-- Opening Marker --

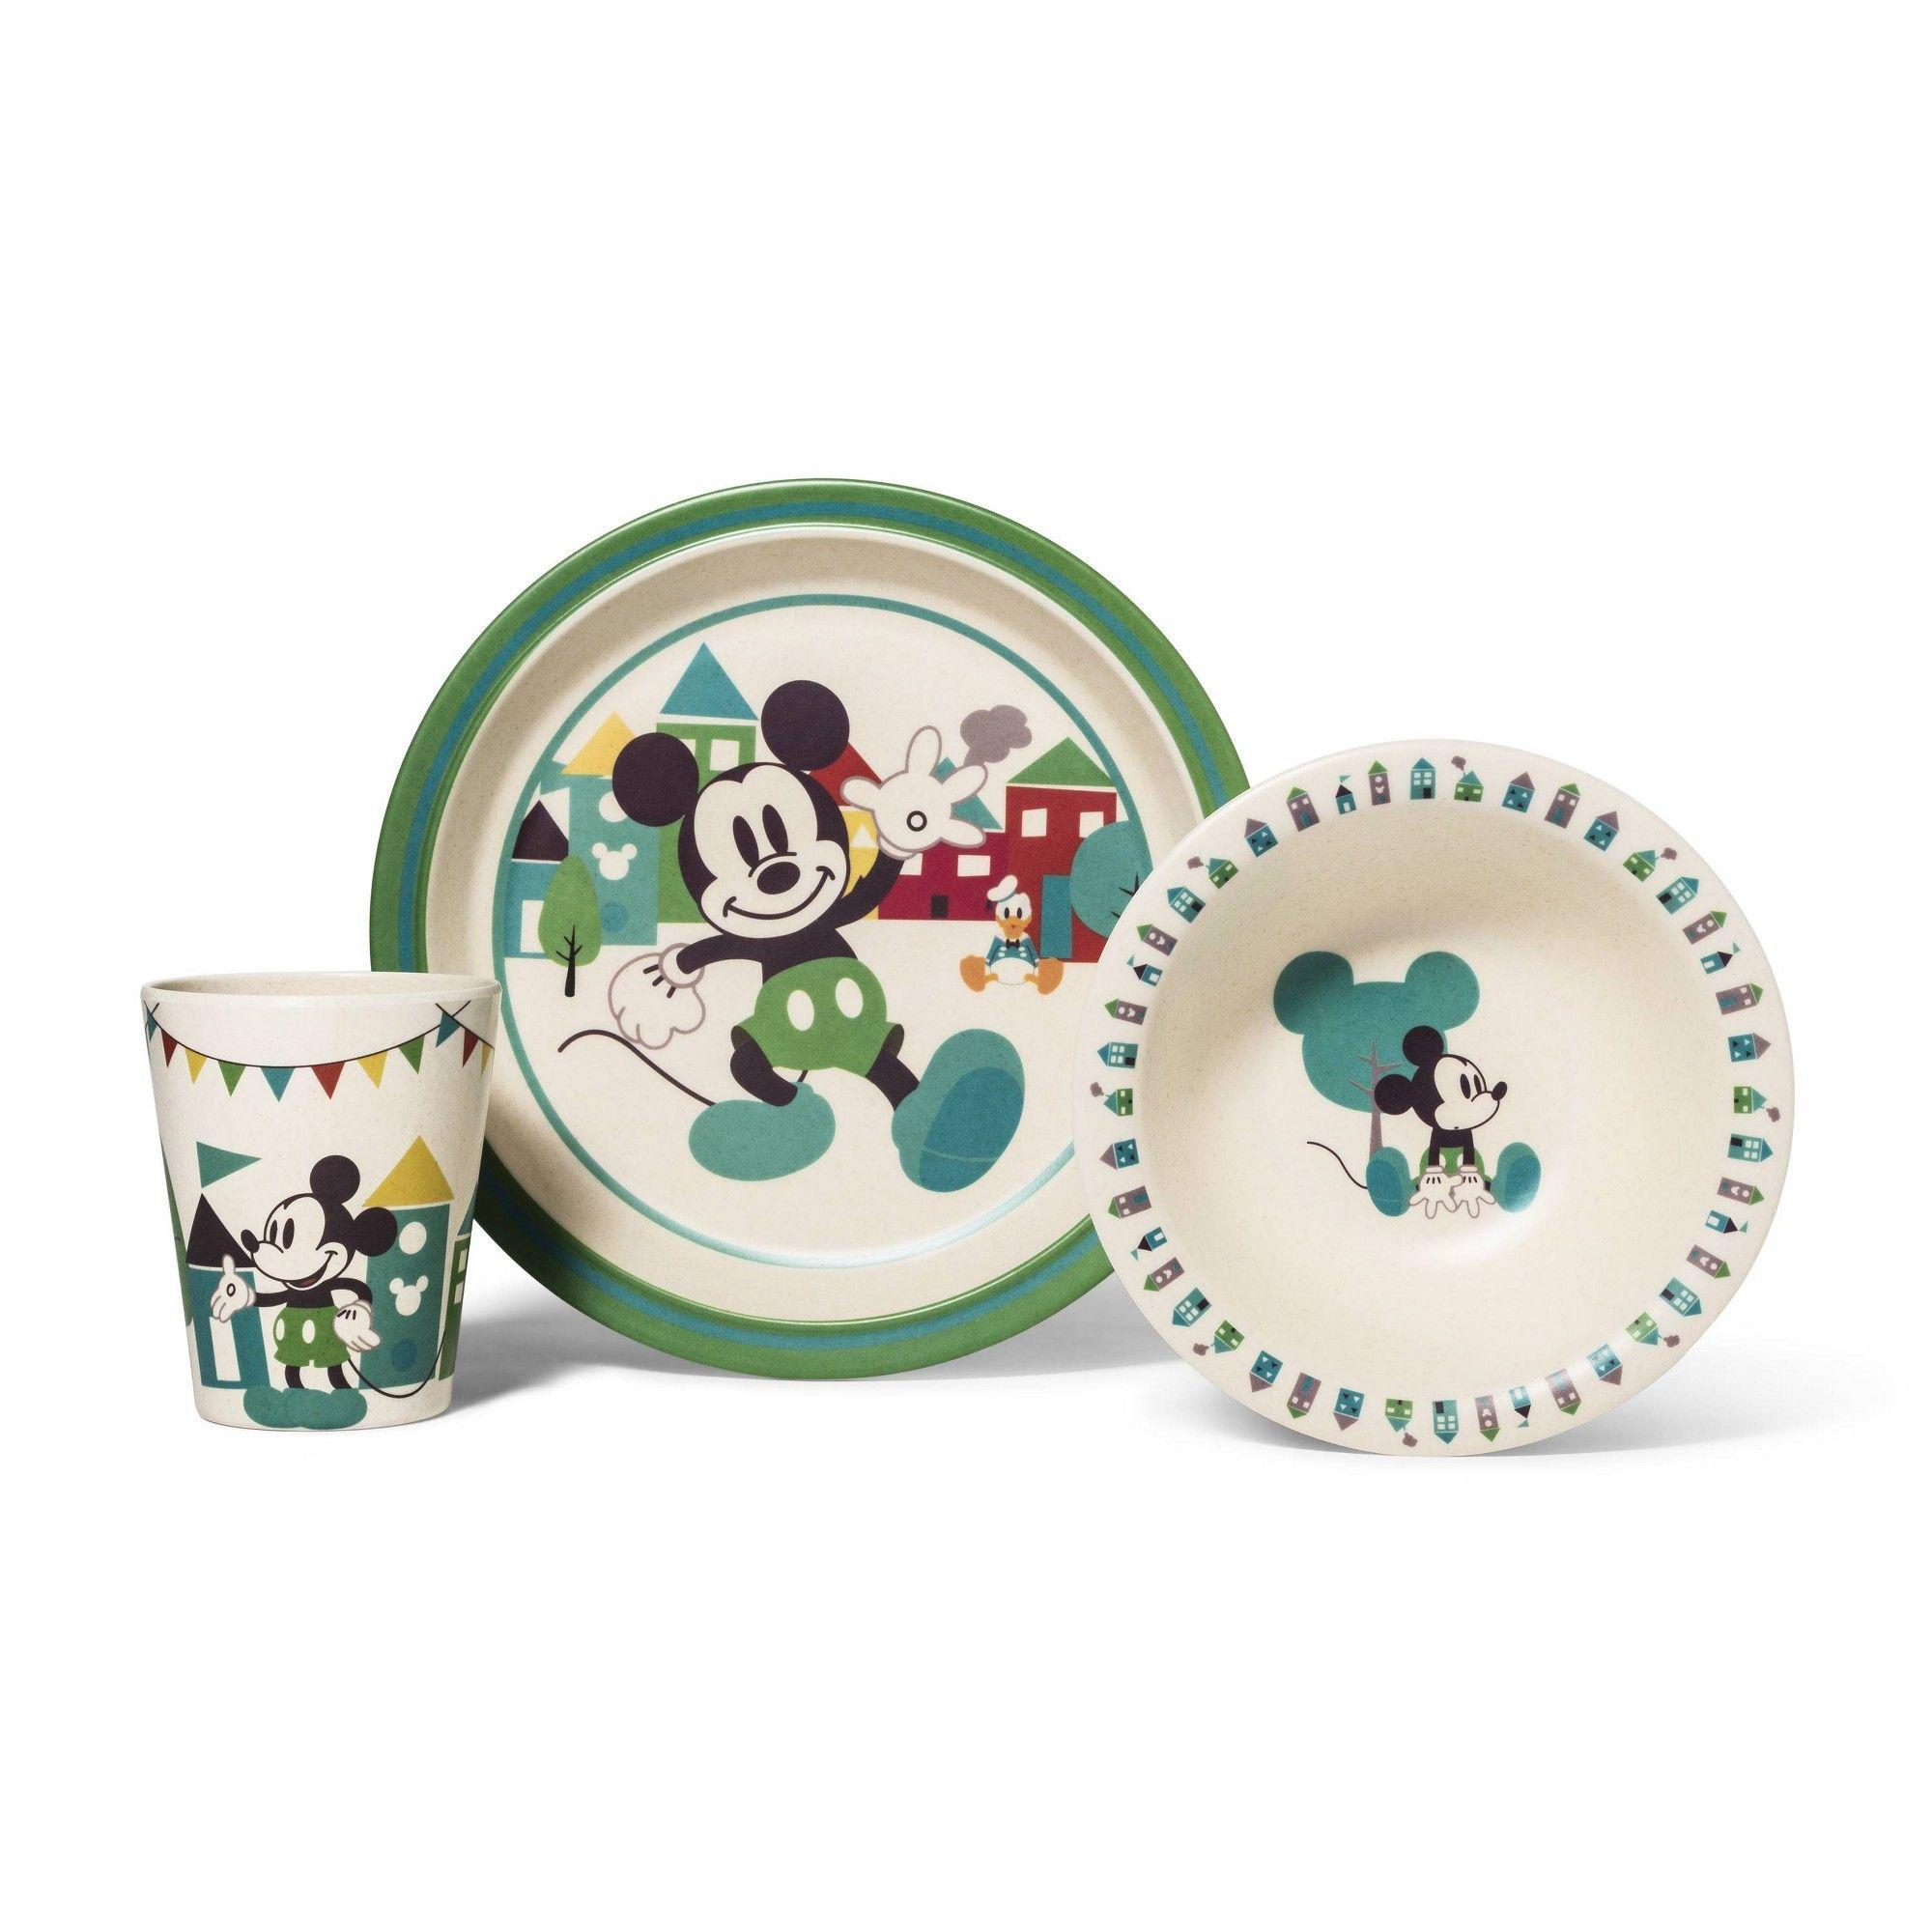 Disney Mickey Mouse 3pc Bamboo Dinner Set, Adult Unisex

-- Closing Marker --
-- Opening Marker --

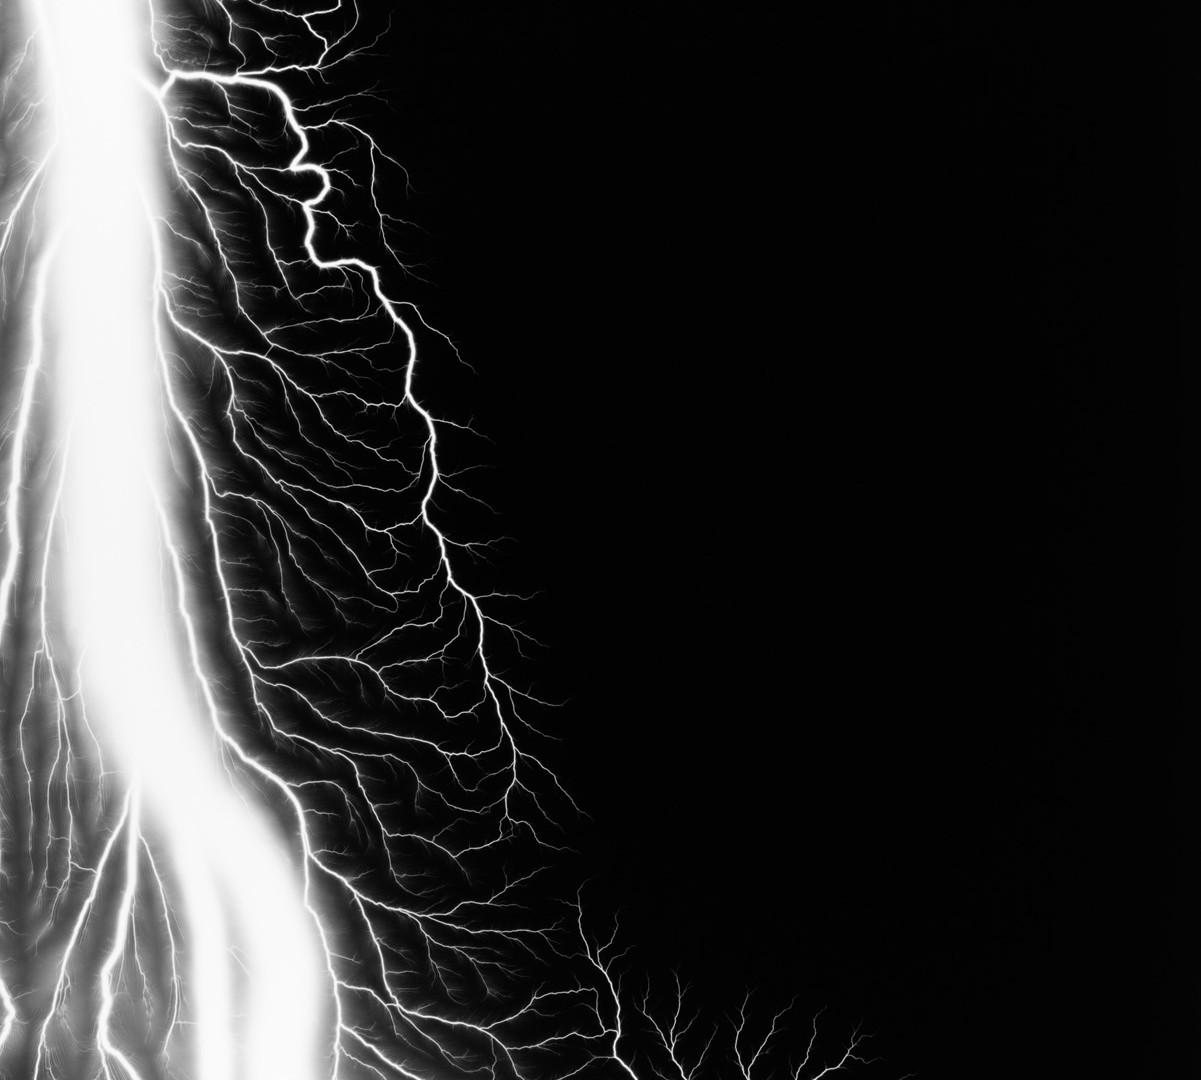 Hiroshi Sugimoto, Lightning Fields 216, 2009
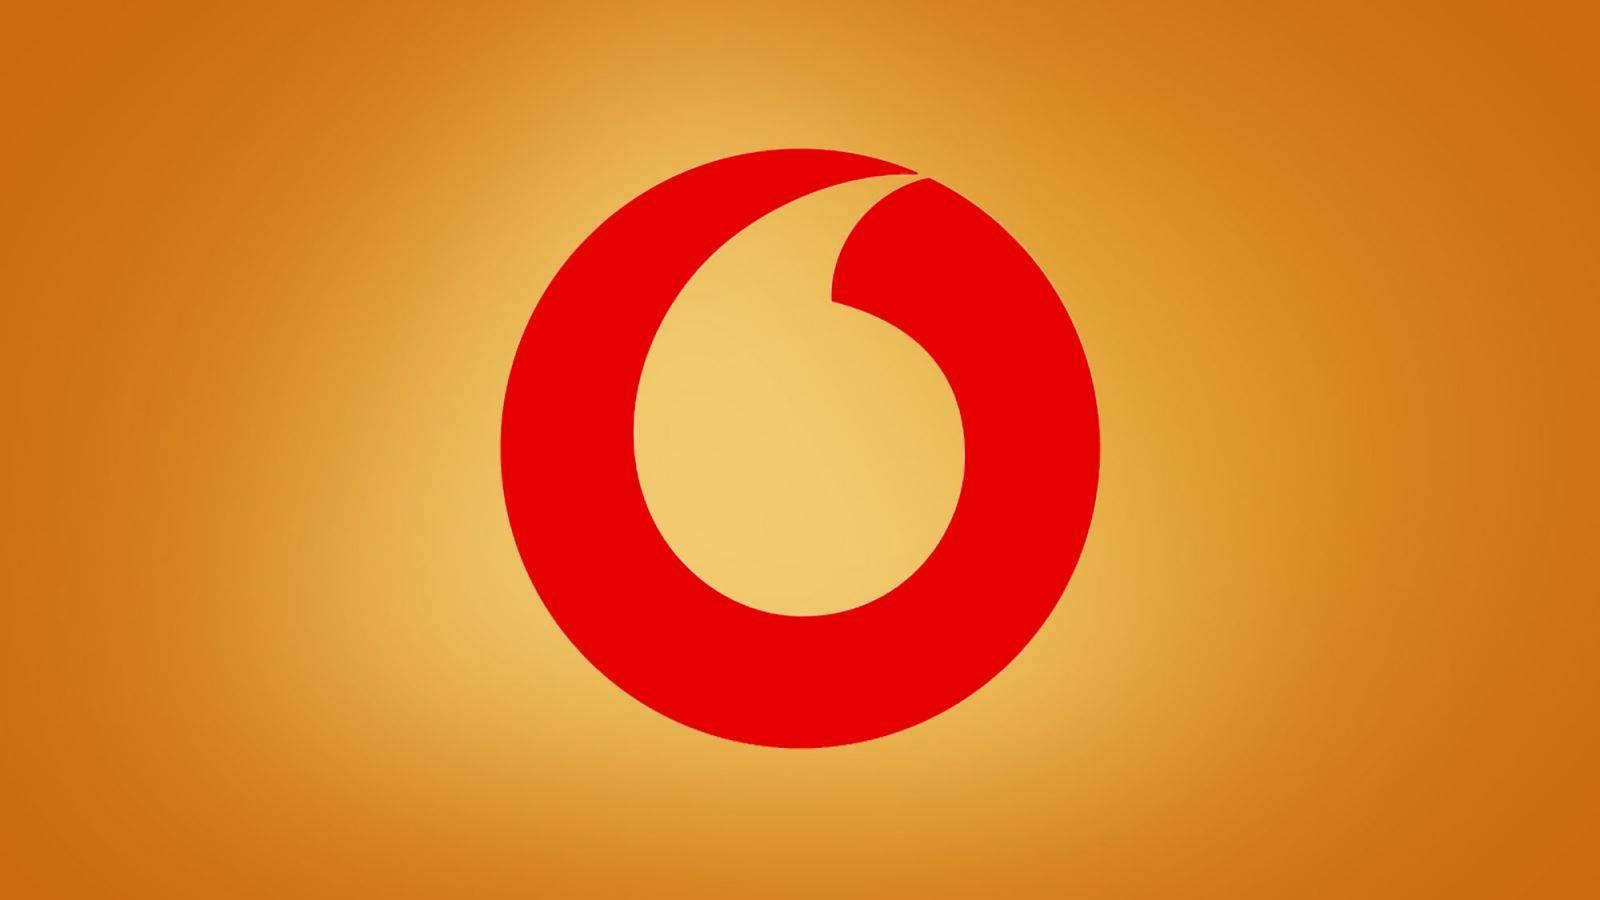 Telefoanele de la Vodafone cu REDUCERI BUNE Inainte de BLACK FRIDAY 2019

-- Closing Marker --
-- Opening Marker --

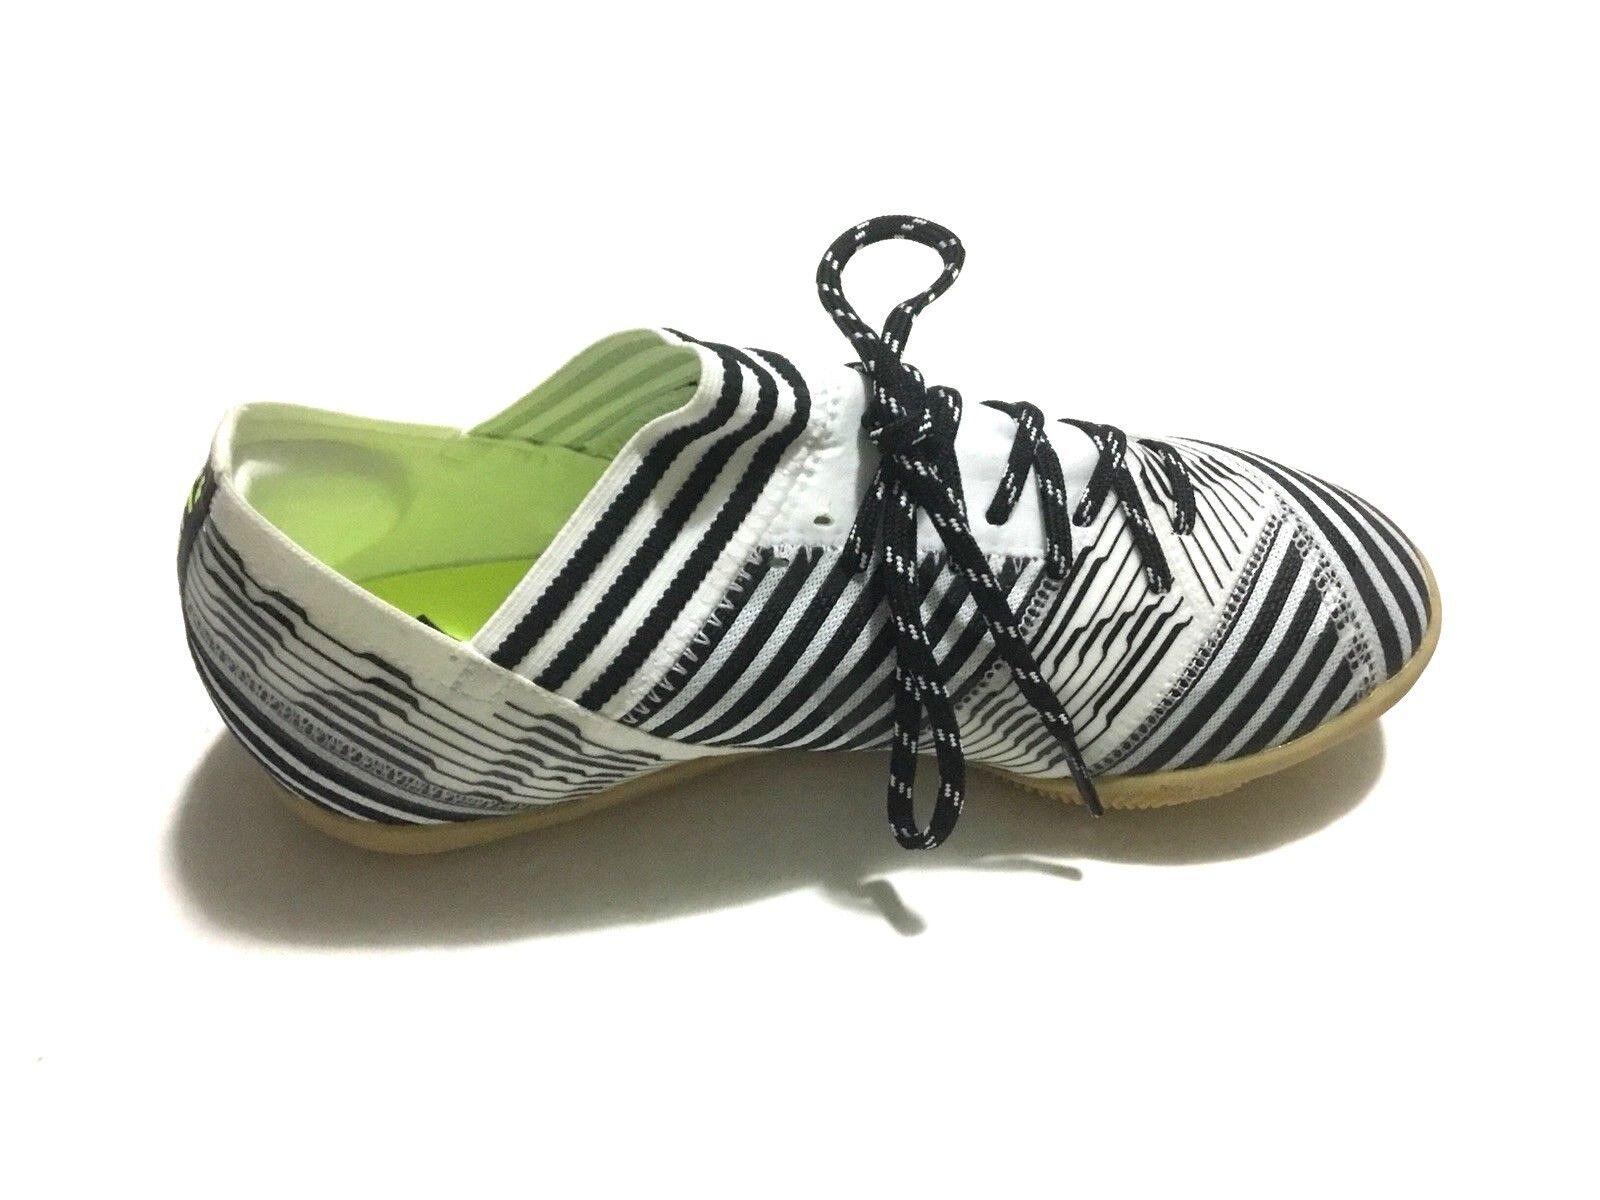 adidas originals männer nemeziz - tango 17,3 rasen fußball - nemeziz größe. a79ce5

-- Closing Marker --

-- YOUR TASK --
Taking the records above, print only and exactly the lines from the line with "Hiroshi Sugimoto, Lightning Fields 216, 2009" to the line with "Telefoanele de la", both kept, and exclude pictures.

-- REPLY --
 Hiroshi Sugimoto, Lightning Fields 216, 2009
 Telefoanele de la Vodafone cu REDUCERI BUNE Inainte de BLACK FRIDAY 2019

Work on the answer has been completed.